Did you stepfather make any legal arrangements for himself? For instance, if he stated in his last will and testament that he wanted to be interred in a veteran’s cemetery, his wishes should be enforceable. Or if he signed a document called a “designation of agent to control disposition of remains” then his written instructions should be enforceable.
To enforce those written instructions, his wife should first contact the cemetery director where he is interred. According to the Health & Safety Code, he can be moved with joint permission from the cemetery organization, the owner of the plot in which he is interred, and the surviving spouse. If she owns the plot (or inherited ownership from her husband) then the law allows him to be moved despite his son’s objection.

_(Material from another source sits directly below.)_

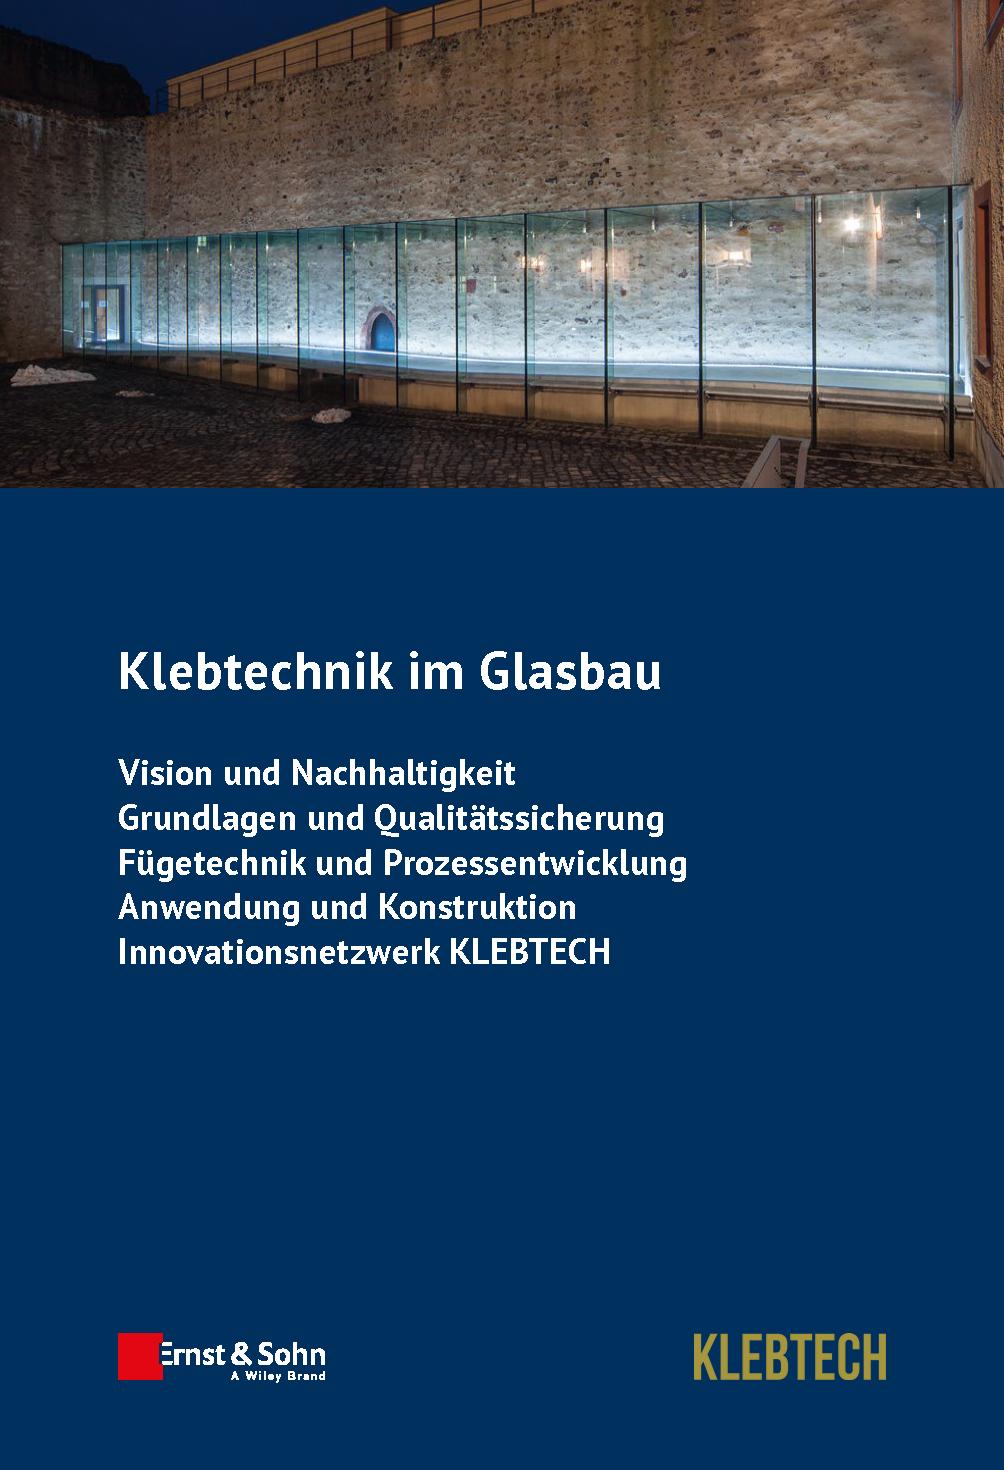 Fachübergreifendes KLEBTECH Symposium (online) am 23.09.21

His son really has no legal right to be involved in the decision about where his father is buried (state law gives that first rights to the surviving spouse, and to the children only if there is no surviving spouse).
However, if his son does own the plot and refuses to give his consent, then she may have to file suit in the District Court. The written instructions left by your stepfather would then be used as evidence of his wishes, and the court will hold a hearing to determine whether moving his remains is proper.
If he did not make any of his own arrangements, and did not leave any written instructions, she can still try to move him by getting all the parties to agree (the parties being the cemetery organization, the owner of the plot, and the surviving spouse). Again, if his son owns the plot, he can block the move and she may need to file suit in the District Court.
Of course, you may have failed to mention that the son has already gone to court to get permission to handle his father’s funeral. Under the Texas Probate Code, an interested party may file an emergency application with the court to obtain authority to make and pay for funeral arrangements. If your mother (the decedent’s wife) was unavailable, too ill to participate, or refused to participate at the time of her husband’s death, then his son may have obtained a court order allowing him to make the funeral decisions and to access his father’s funds to pay for the funeral.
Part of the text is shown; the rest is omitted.